Investment Thesis — Knife River Corporation
Knife River Corporation (KNF) is mispriced as a cyclical basic materials company, with the market underestimating the sustained, multi-year revenue and margin tailwinds from the Infrastructure Investment and Jobs Act. Its current valuation doesn't fully reflect the predictable, long-duration demand for its essential construction materials and services.
Catalysts
- Acceleration of federal infrastructure project awards and funding disbursements.
- Stronger-than-expected pricing power and margin expansion in aggregates and asphalt segments.

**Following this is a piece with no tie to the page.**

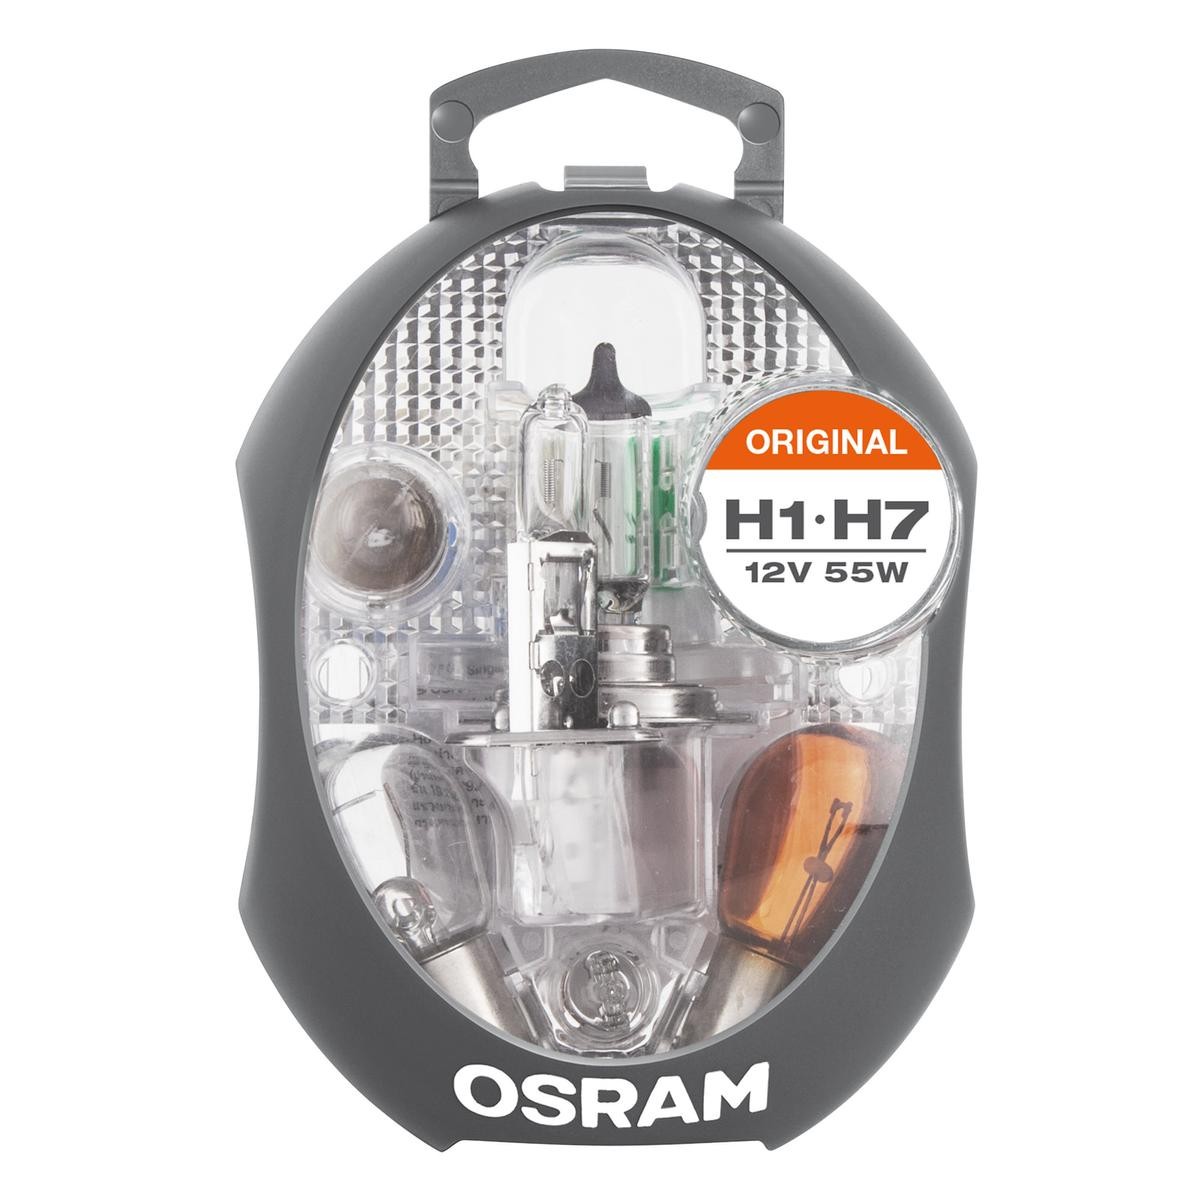 OSRAM Assortiment d'ampoules CLK H1/H7

- Successful integration of strategic bolt-on acquisitions expanding geographic reach or product offerings.
Risk Factors
- Slower-than-anticipated deployment of IIJA funds or political shifts impacting infrastructure spending.
- Significant increases in input costs (e.g., asphalt, fuel, labor) that cannot be fully passed on to customers.
- A broad economic recession leading to a slowdown in non-infrastructure construction and private sector projects.
Key Debates
KNF's 27.26x Fwd P/E contracts to 20x by Q4 without 6%+ Net Margin.
Gross Margin expands 100bps to 19.4% by H2 2024 from pricing power.
ROE will exceed 12% by Q3 2024, justifying its 3.02x P/B multiple.